Extracted material

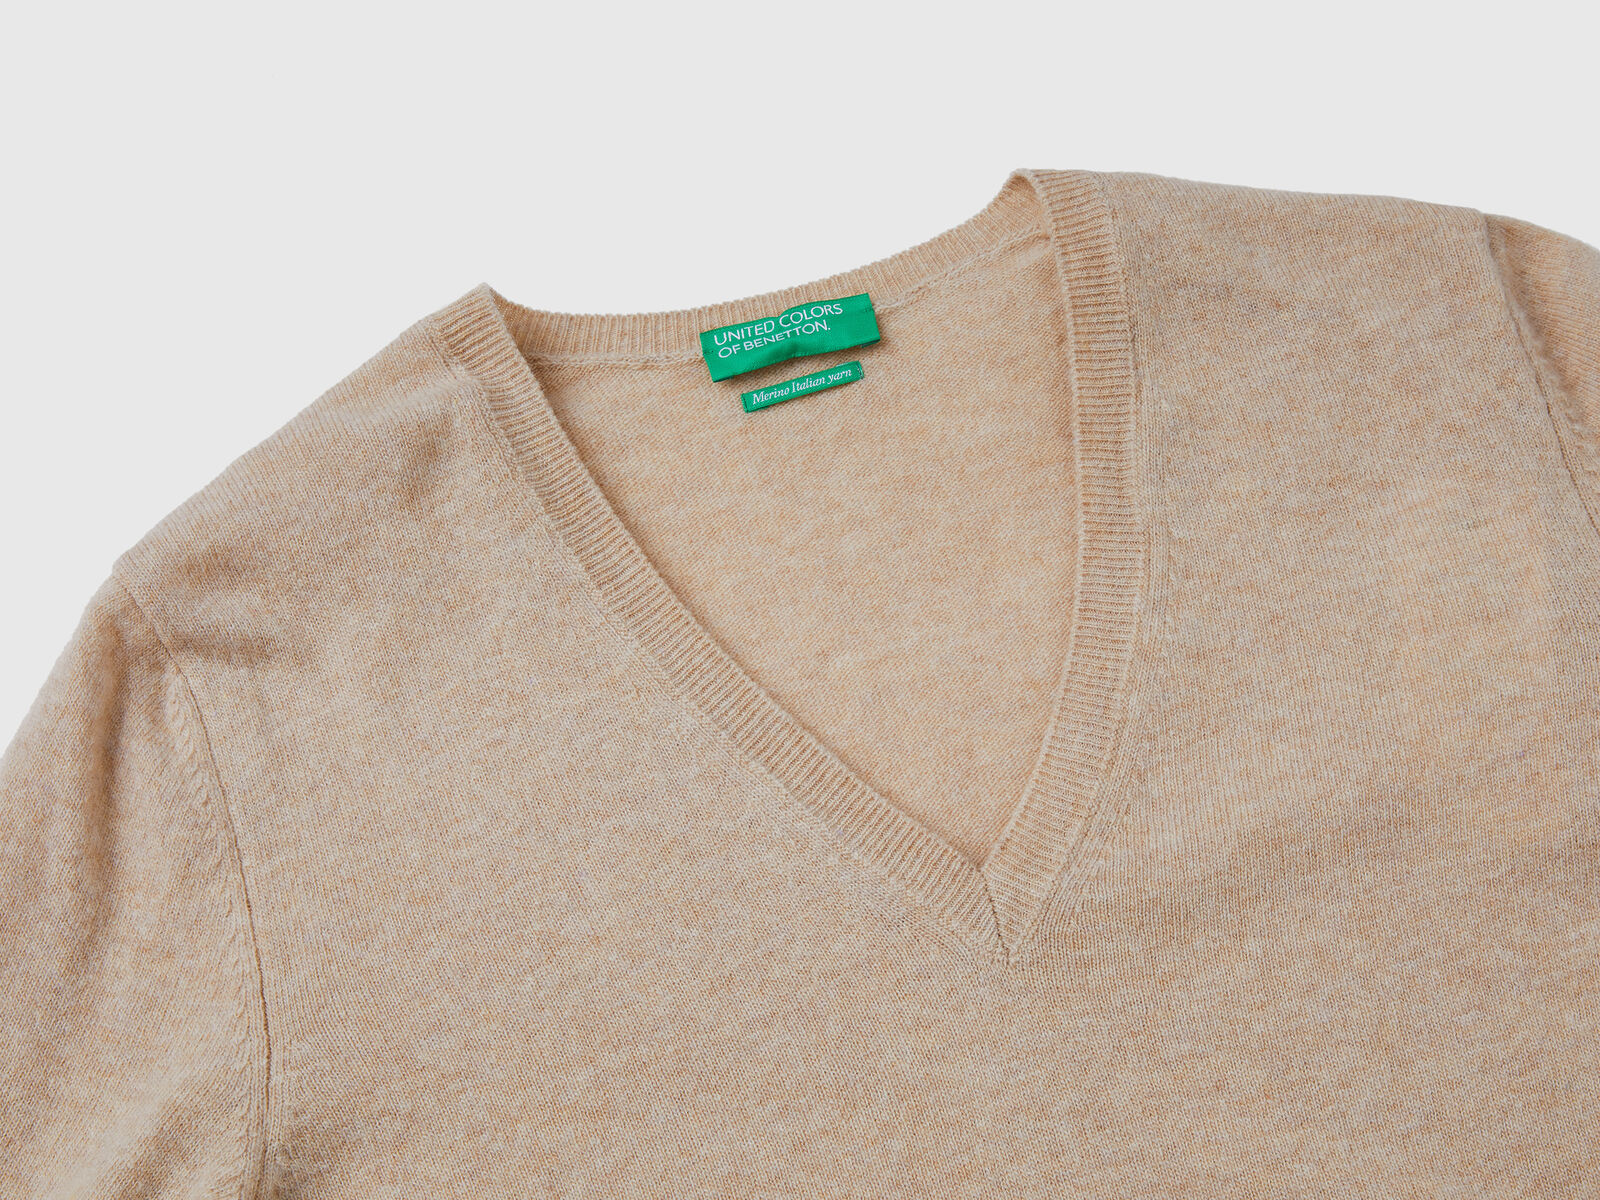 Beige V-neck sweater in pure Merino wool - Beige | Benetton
--
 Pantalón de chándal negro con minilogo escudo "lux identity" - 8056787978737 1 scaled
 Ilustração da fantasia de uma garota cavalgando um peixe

Task instructions
Output the lines of the records above exactly as they appear, from the line containing "Pantalón de chándal" through the line containing "Ilustração da fantasia".

Answer to this problem
 Pantalón de chándal negro con minilogo escudo "lux identity" - 8056787978737 1 scaled
 Ilustração da fantasia de uma garota cavalgando um peixe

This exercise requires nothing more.